In order to recognize objects in images, researchers utilized deep learning techniques. An extraordinary development has been made in 2D object recognition with the improvement of Convolutional Neural Networks (CNNs) [14]. The convolutional neural network is a multi-layered feed-forward neural network that allows learning of hierarchical features. The design of CNN is made by stacking a few hidden layers sequentially on top of each other. A well-known model for object recognition with bounding boxes called “You Only Look Once” (YOLO) involves a neural network that includes an image as an input and predicts the bounding box and class label [14].

The R-CNN is a neural network defined as “Region-based CNN” The techniques were designed and demonstrated as region-based convolutional neural network (R-CNN), Fast R-CNN, and Faster R-CNN for object classification and object recognition. In general, the R-CNN models might be more accurate, but the YOLO family of models is fast, far faster than the R-CNN, achieving real-time object detection. The selective search methods are implemented in R-CNN to classify region classification proposals with less complexity. The features are extracted in CNN layers and are passed to several binary classifiers to classify the classes in particular regions [11,14]. Fig. 1 R-CNN Model Architecture features hierarchies for accurate object detection and semantic segmentation. The approach involved in R-CNN to classify and recognize objects is relatively simple and straightforward. Fig. 1 explains the “selective search” approach used to suggest candidate regions or border boxes of possible objects.

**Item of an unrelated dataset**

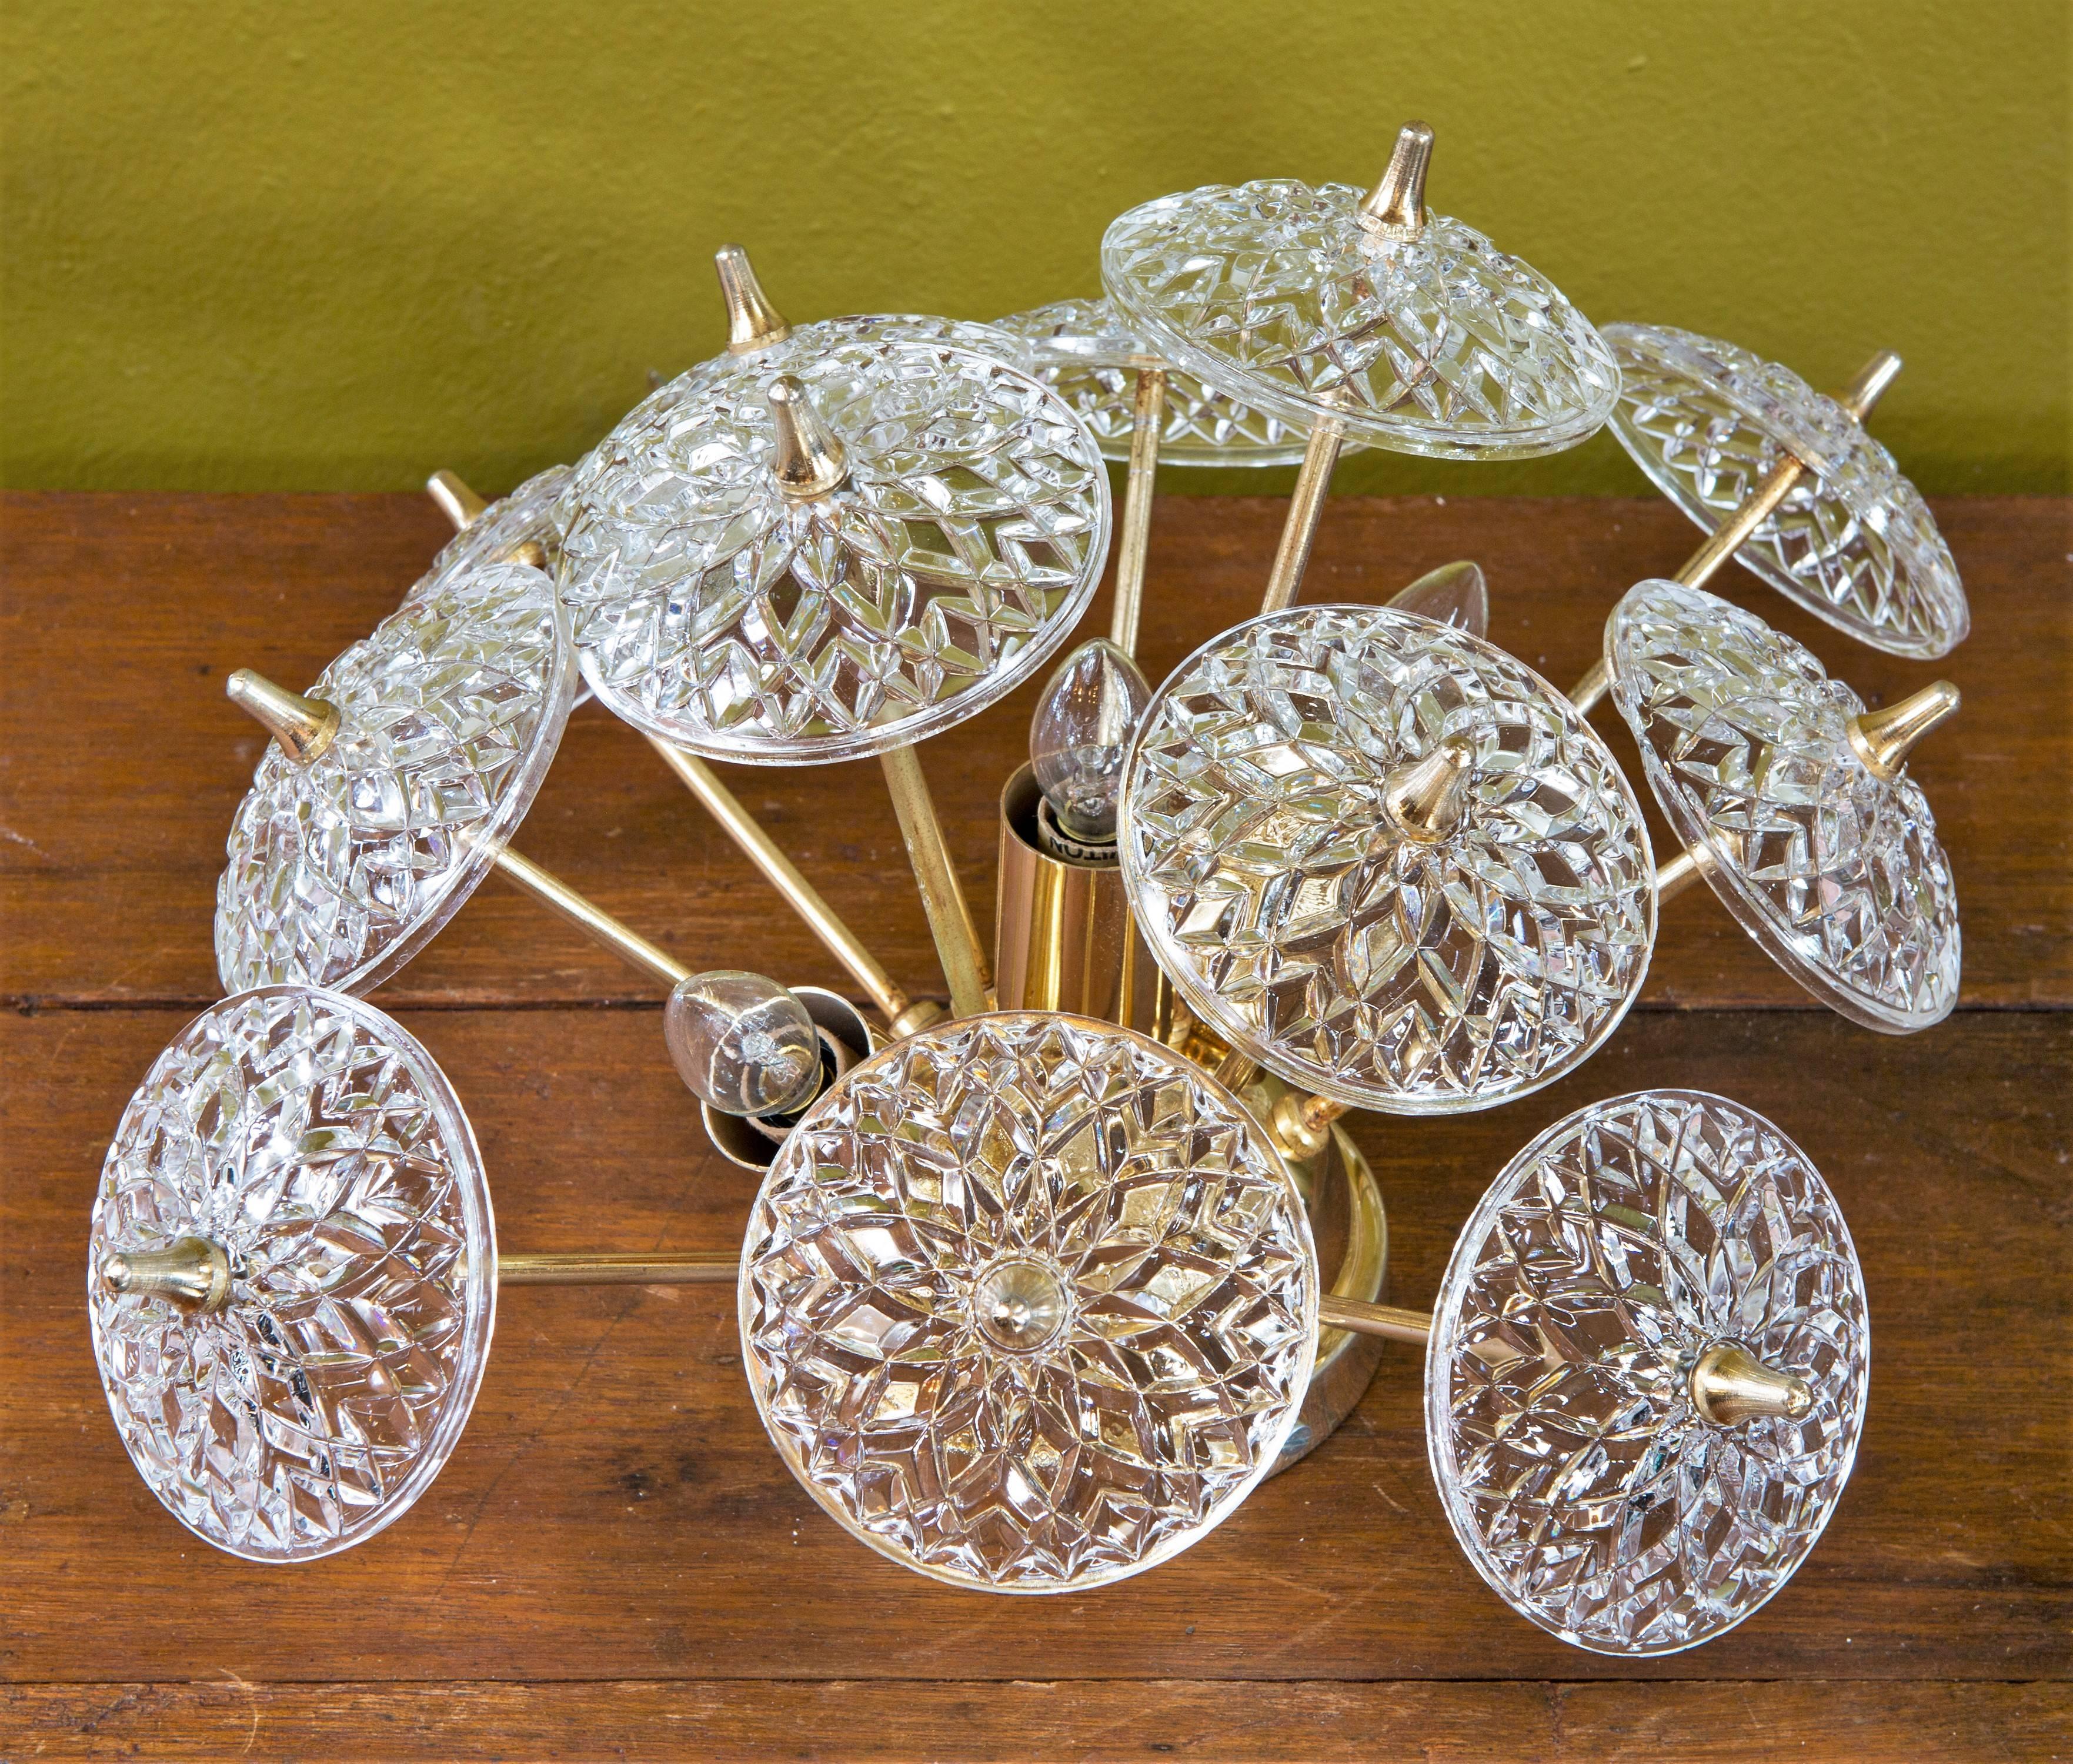 Vintage 1960s Belgian wall or flush mount light in brass with 12 Val Saint Lambert crystal discs. Newly wired with all UL listed parts and three candelabra sockets, per fixture. Measurement listed is for one light. We also have a single, identical
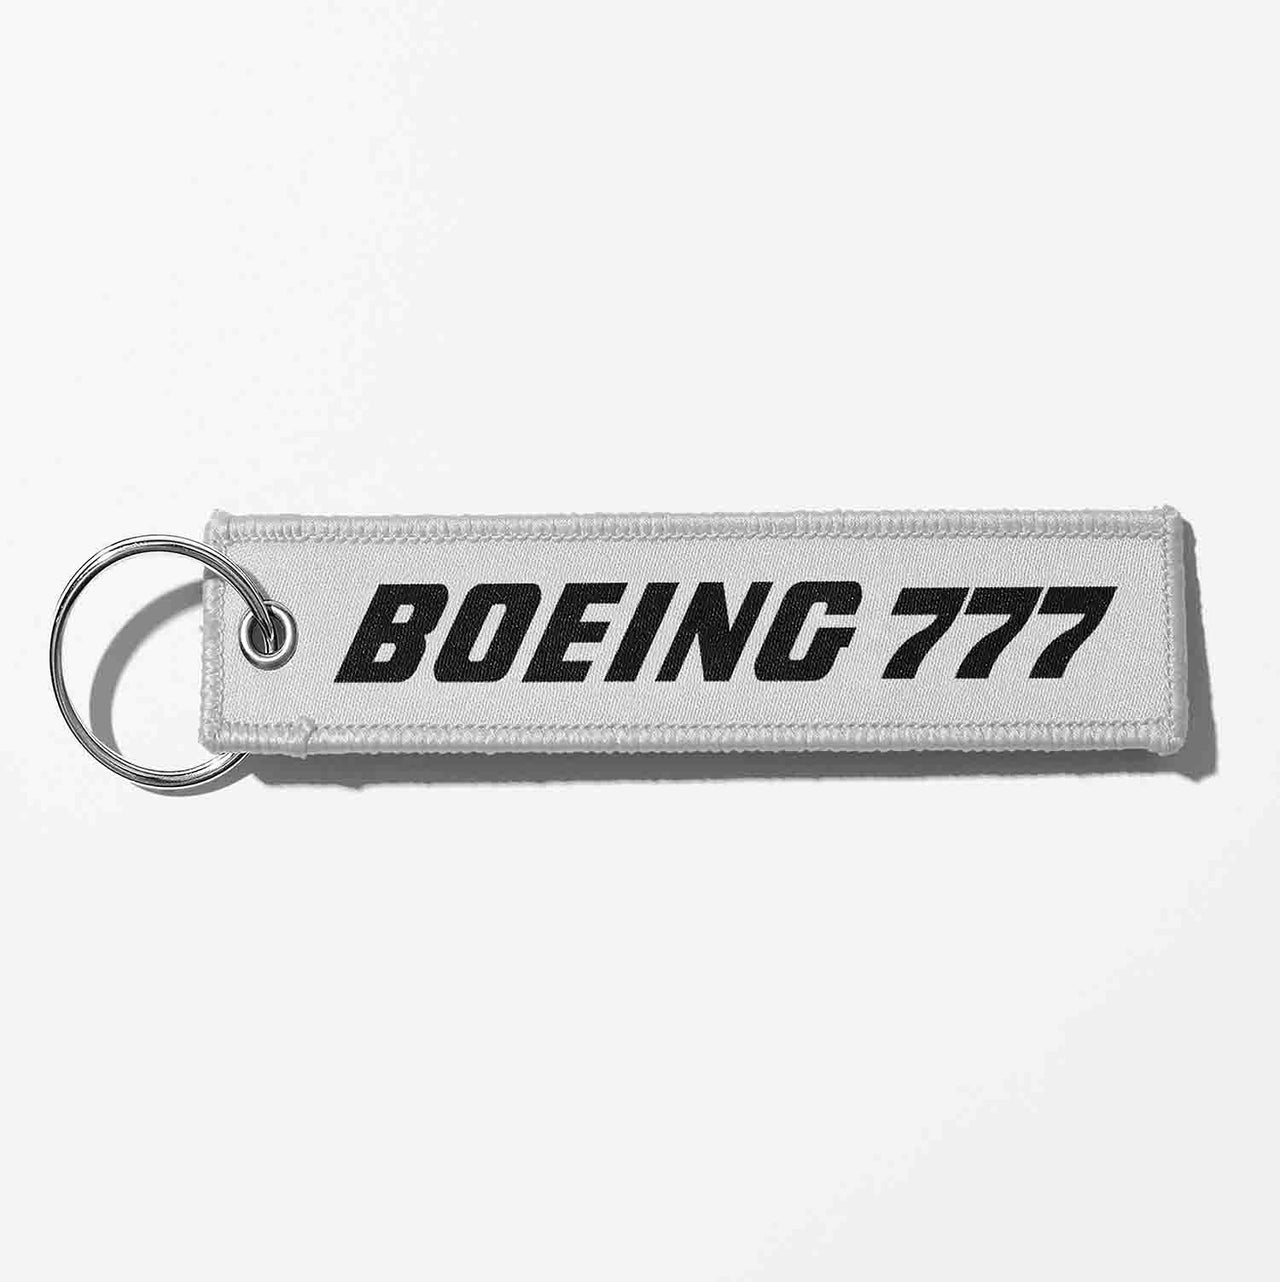 Boeing 777 & Text Designed Key Chains

The Mask R-CNN is a computer vision approach based on CNN that can recognize, classify, and mask object instances in 2D images. Two phases are part of Mask R-CNN. First, the model allows proposals for input images to be made for regions where an object can be created. The second is the estimation of the class objects, which will refine the bounding box and construct the mask at the object level based on the first proposal at the object level [15]. In recent challenges, the Mask RCNN is state-of-the-art in terms of region-based image and instance segmentation regardless of object size. These region-based systems typically anticipate masks on a 28 × 28 grid. This is sufficient for small objects, but it generates an unpleasant “blobby” output for large objects, which excessively smooths the fine-level details. An alternate sliding window method, which employs a sophisticated network design to anticipate sharp high-resolution masks for huge objects, falls slightly behind in accuracy. While boosting the accuracy of region-based techniques, a region-based segmentation model integrated with point-based rendering (PointRend) can produce masks with fine-level information. Furthermore, PointRend is used to segment objects and scenes in high-quality RGB data quickly and effectively, comparing various methods for effective rendering by sampling pixel labeling tasks. The approaches are based on iterative subdivision, and the refined results are achieved with the point-based rendering (PointRend) neural network module for regional detection. It performs point-based segmentation predictions in adaptively selected regions. PointRend can be applied to both instance and semantic segmentation tasks. While the general concept can be implemented in a variety of approaches [16], in places where prior approaches have over smoothed the object borders, PointRend produces crisp object boundaries. Instance segmentation with PointRend uses a new point-based feature representation to make predictions at adaptively sampled points on the image. PointRend produces substantially more detailed results and iteratively computes its prediction when used to replace Mask with CNN’s default mask head [16]. Each step uses bilinear interpolation in smooth regions and produces better resolution predictions at a small number of adaptively chosen points that are likely to be on object boundaries.

images

Figure 1: General description of convolution neural network (CNN) deep learning model

The PointRend module played an initial role in this research for 2D object recognition and segmentation for targeted object regions in 2D RGB data for further processing.

2.2 3D Object Recognition

The 3D object recognition is the ultimate goal of computer vision and can be applied in private areas like homes as well as industrial areas. It extracts meaningful 3D information from various types of data, such as point clouds, RGB-D, scanned data extracted from a range of sensors, and even monocular images [12,16]. The key distinctions between semantic and instance segmentation are as follows. While the semantic segmentation job can be regarded as a classification task with a fixed number of known labels, the object indices for example segmentation are permutation invariant, and the total number of objects is unknown a priori [17]. Currently, there are two primary approaches to instance segmentation: Proposal-based methods seek out intriguing places and then divide them into foreground and background. Proposal-free methods discover a feature embedding space for the pixels in the image [18]. Following that, the pixels are grouped based on their feature vector. In our work, we adopt the first approach since performing instance segmentation in the scene is both robust and fast.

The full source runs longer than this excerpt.